Aile ve Sosyal Hizmetler İl Müdürlüğü’nün koordinasyonunda hayata geçirilen, Türkiye Ulusal Ajansı destekli “Kriz ve Afet Zamanlarında Bağımlılıkla Mücadelede Kamu-STK İş Birliği” projesi, tam da bu noktaya parmak basıyor. Açılışta konuşan Eskişehir Valisi Hüseyin Aksoy’un sözleri dikkat çekiciydi: “Afet veya kriz durumlarında bireyler daha kırılgan hale gelmekte ve bu süreçte bağımlılıkla mücadele çalışmaları daha fazla özen gerektirmektedir.” Evet, acının pençesindeki insan, kaçış yolları arıyor. Bu bazen madde oluyor, bazen ekran ışığında oynanan kumar oluyor. Ne yazık ki herkesin cebinde artık bir kumarhane taşıdığı bu dönemde, mesele her zamankinden daha karmaşık.

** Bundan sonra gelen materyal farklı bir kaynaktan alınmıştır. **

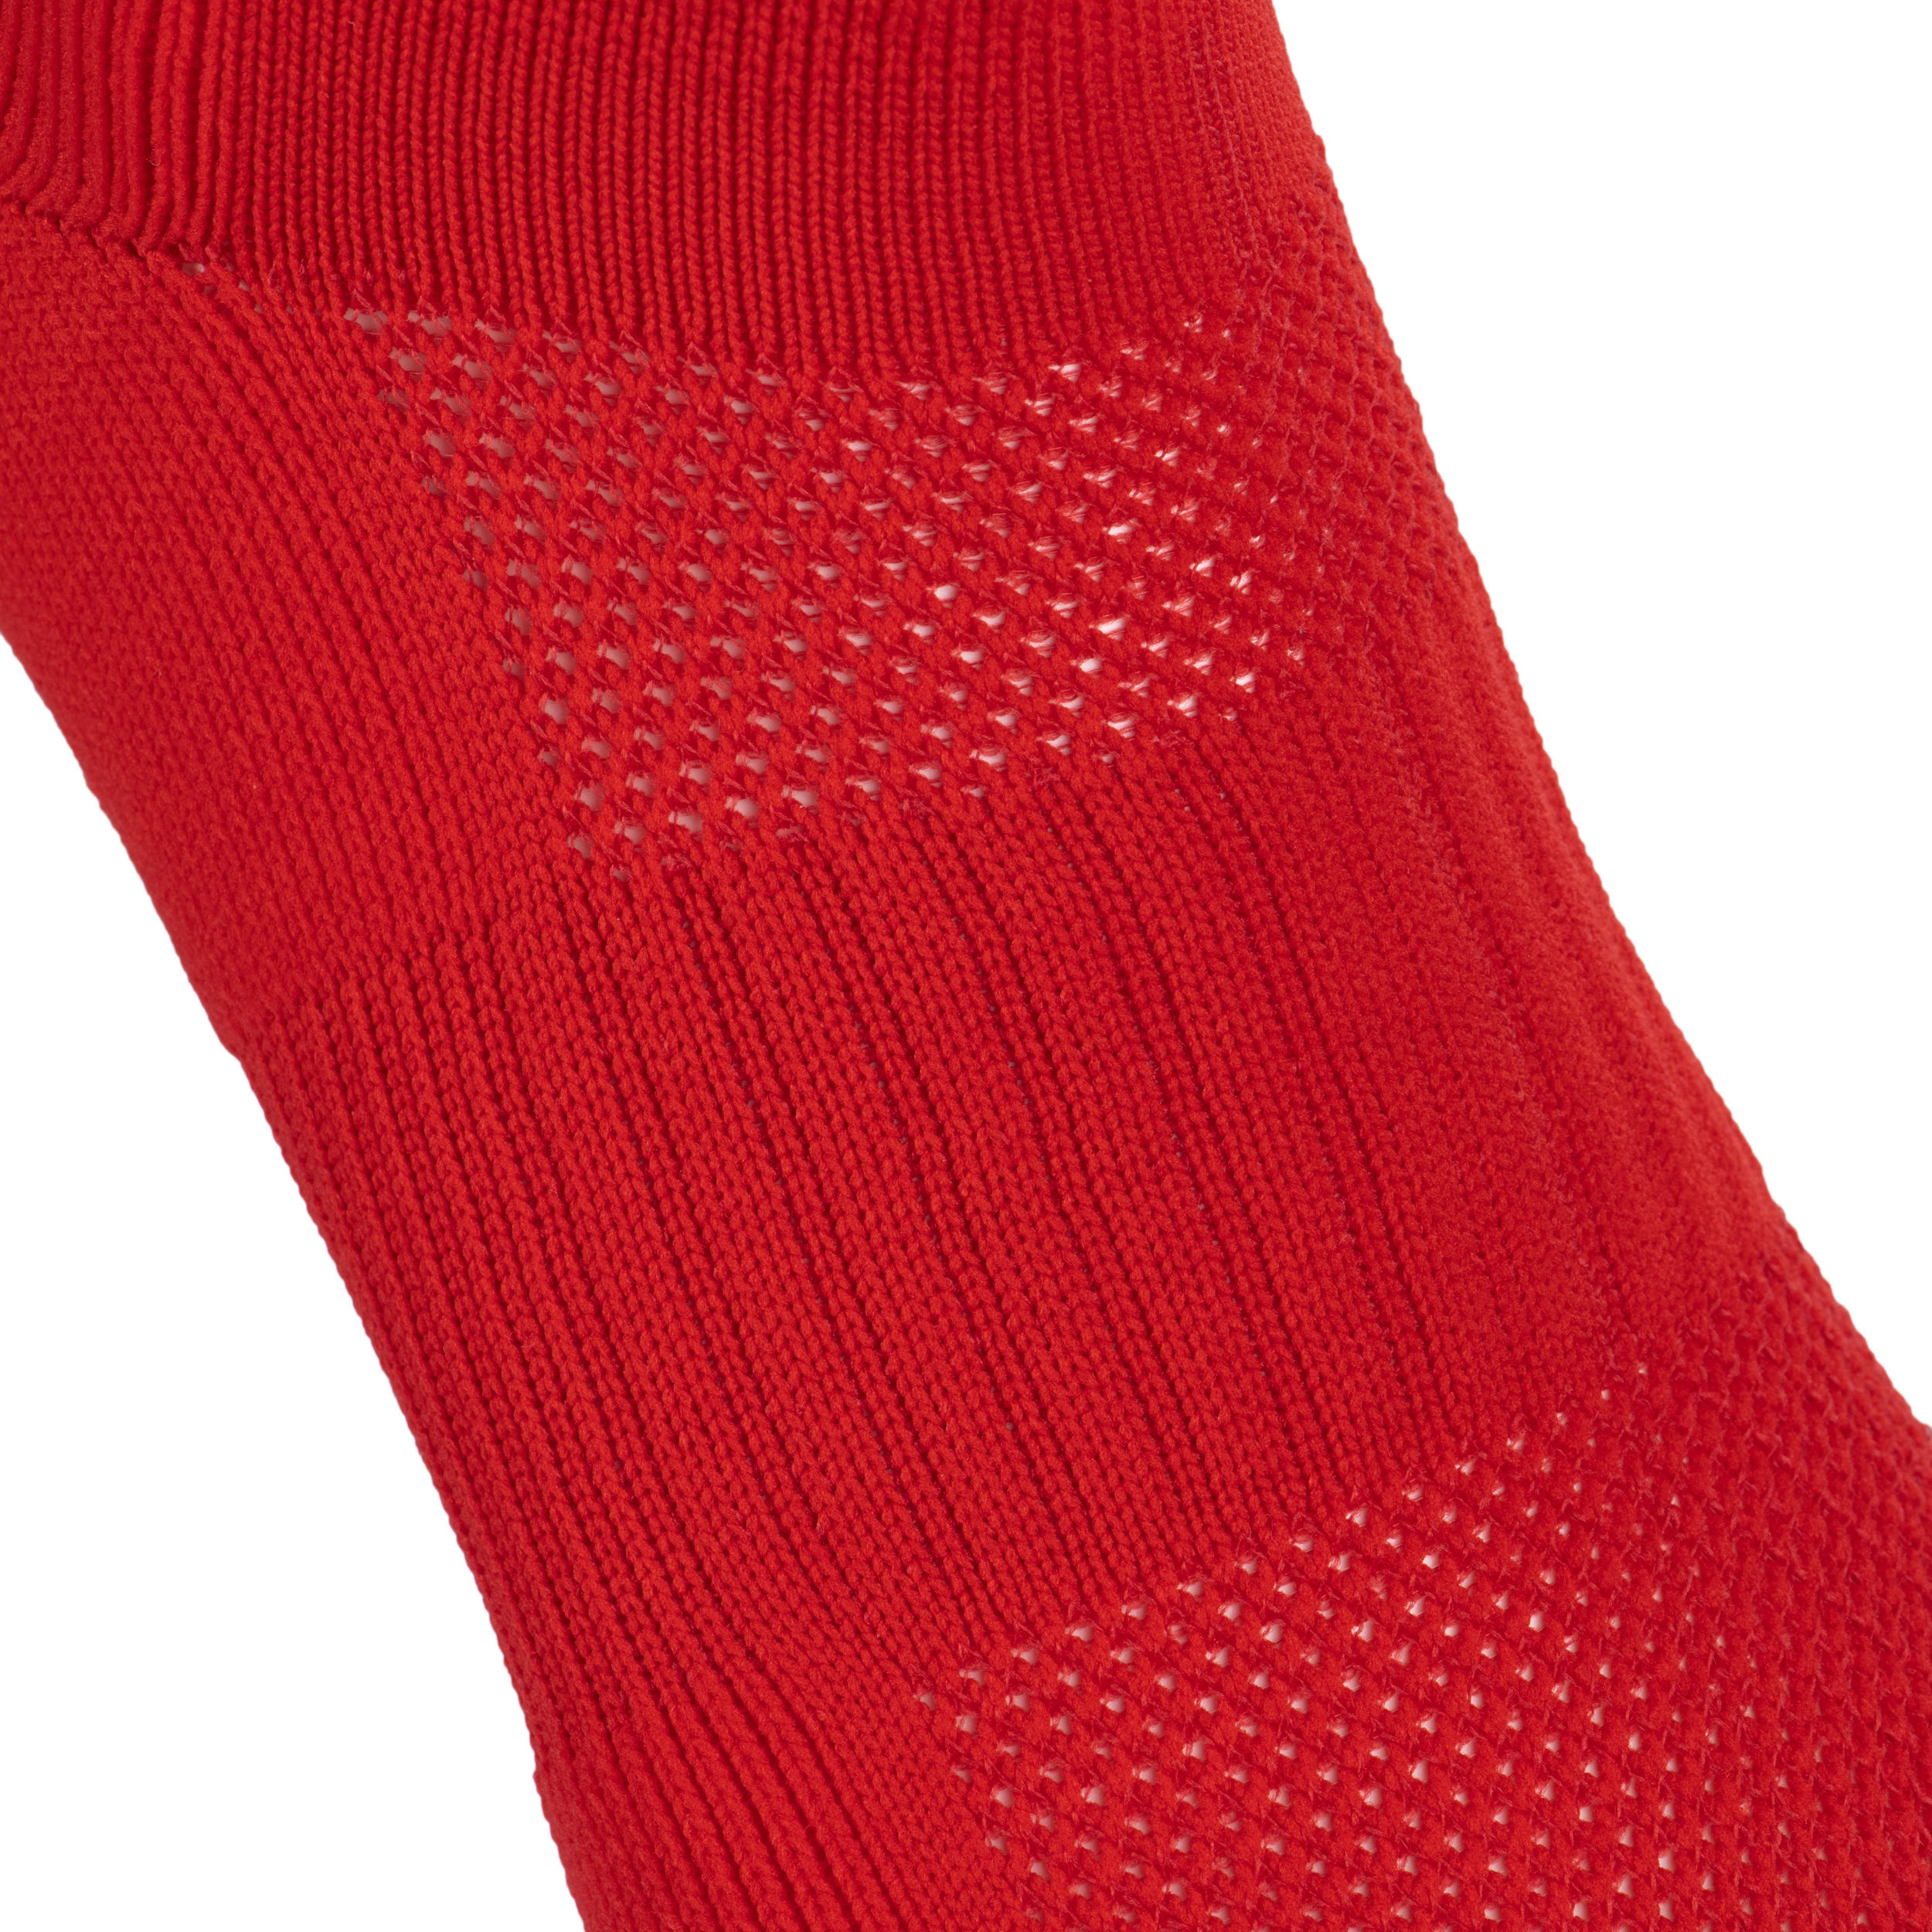 Men's/Women's High Rugby Socks R500 - Red/Yellow 5/5

Sayın Aksoy’un da vurguladığı gibi, bu mücadele sadece devlet kurumlarının değil, tüm toplumun ortak sorumluluğu. Özellikle kadınlara yönelik yürütülen bilinçlendirme çalışmaları, bu konuda atılan doğru adımlardan biri. Çünkü bağımlılık sadece bireyi yıkmıyor; ailesini, çevresini, toplumun tüm yapısını da çökertiyor.

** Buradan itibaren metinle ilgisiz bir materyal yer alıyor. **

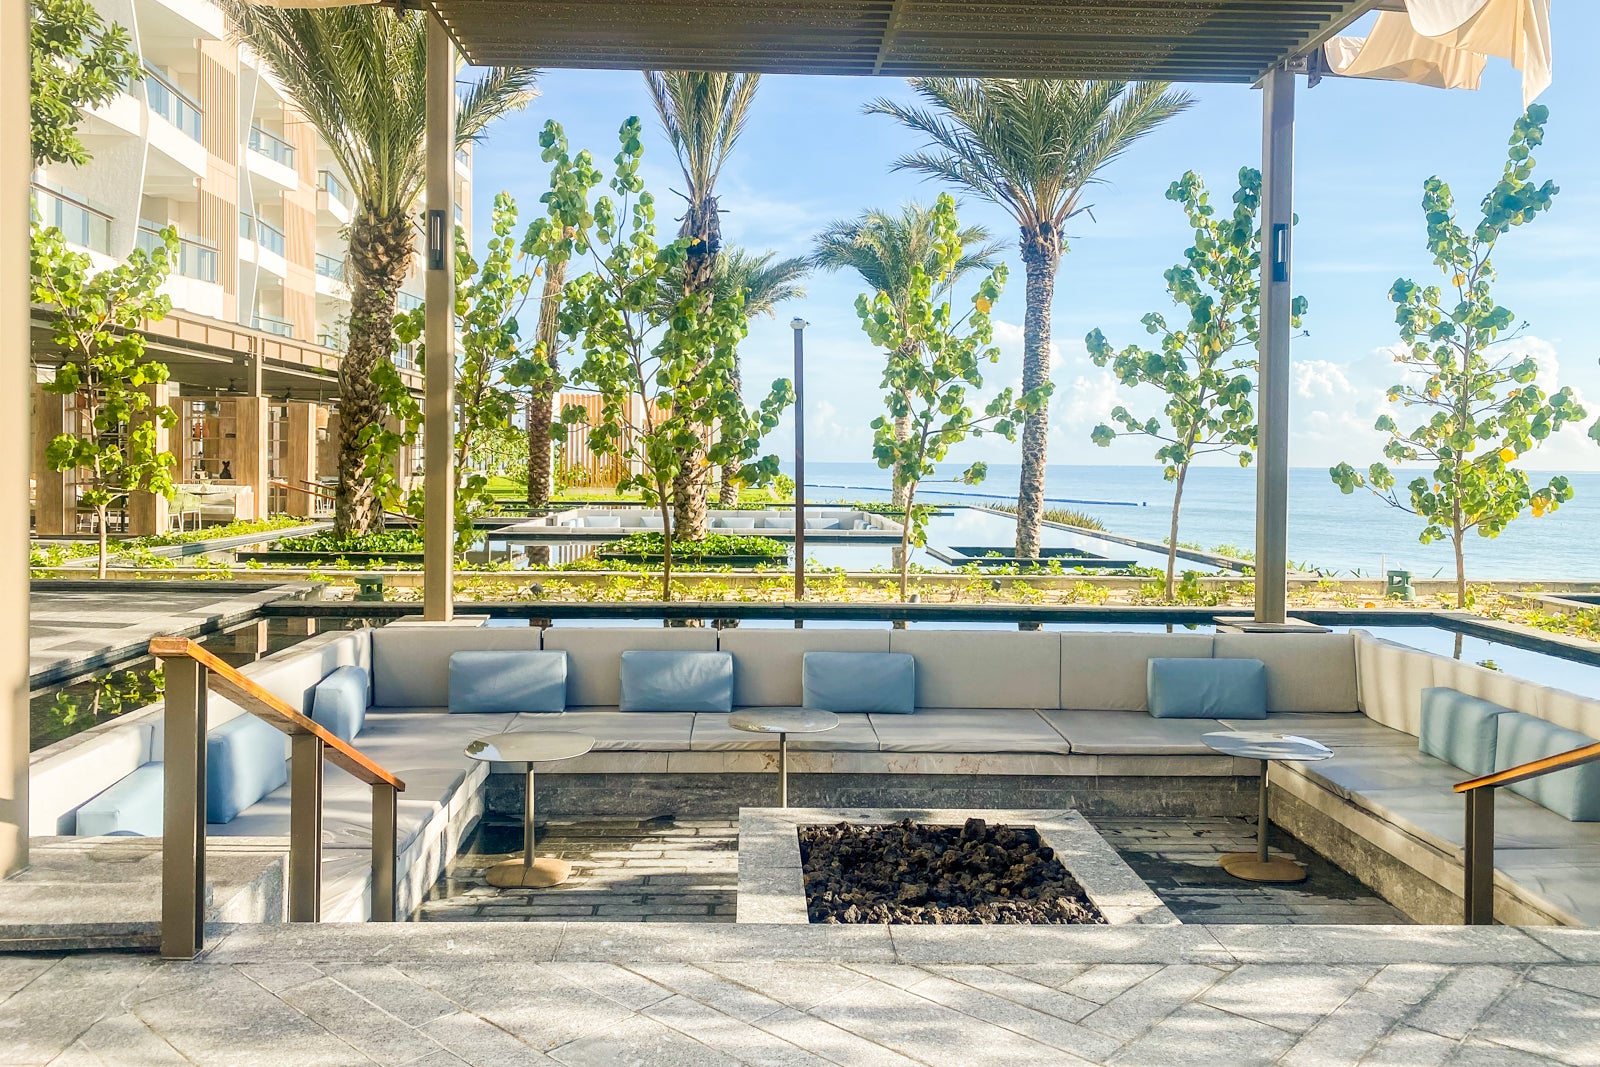 benches surrounded a fire pit with many palm trees nearby, looking out over the ocean

Toplantıda bir diğer önemli konuşmayı ise AK Parti Eskişehir Milletvekili Prof. Dr. Ayşen Gürcan yaptı. Gürcan, “Bağımlılık, yalnızca bireyi değil bir milleti topyekun felakete sürükleyebilir” diyerek konunun ciddiyetini bir kez daha gözler önüne serdi. Kriz dönemlerinde gençlerin boşlukta kaldığını, çaresizlik içinde bağımlılığa yöneldiğini belirtti. Bu, göz ardı edilecek bir uyarı değil. Özellikle 6 Şubat depremlerinden sonra, gençlerin yaşadığı travmaların birçok farklı yolla dışa vurduğunu hepimiz gördük.
Geçtiğimiz günlerde bir uzman, yasal olmayan online bahis sitelerine dikkat çekti ve ortaokul çağında kumar bağımlılığı olan danışanları olduğunu söyledi. Yasal olmayan bahis siteleri bir tık uzağımızda. Denetimler yetersiz. Ulaşmak bu kadar kolayken, mücadele de bir o kadar zorlaşıyor. Bu yüzden denetim mekanizmalarının güçlendirilmesi artık bir tercih değil, zorunluluk.
Eğitim, bu noktada elimizdeki en güçlü araç. Gençlerimizi bağımlılıktan korumak istiyorsak, onları yalnızca maddeye karşı değil, boşluğa ve umutsuzluğa karşı da donatmalıyız. Çünkü bağımlılığın temelinde çoğu zaman yalnızlık, değersizlik hissi ve bir çıkışsızlık hali yatıyor.
Proje kapsamında Hırvatistan ve Kuzey Makedonya’nın deneyimlerinden faydalanılması, uluslararası boyutta güçlü bir iş birliğinin kapısını aralıyor. Bu iş birliği sadece bilgi paylaşımı değil, aynı zamanda ortak bir toplumsal bilinç inşası anlamına geliyor.
Bugün atılan bu adım, yarınlarımız için bir umut ışığı olabilir. Yeter ki bu mücadelede samimi olalım. Yeter ki sadece konuşmakla kalmayıp sahada da var olalım. Çünkü bağımlılıkla mücadele, bir gün değil, her gün verilmesi gereken bir savaş.
Ve unutmayalım; bağımlılıkla savaşmak, yalnızca bireyin değil, bir toplumun kendini yeniden ayağa kaldırma mücadelesidir.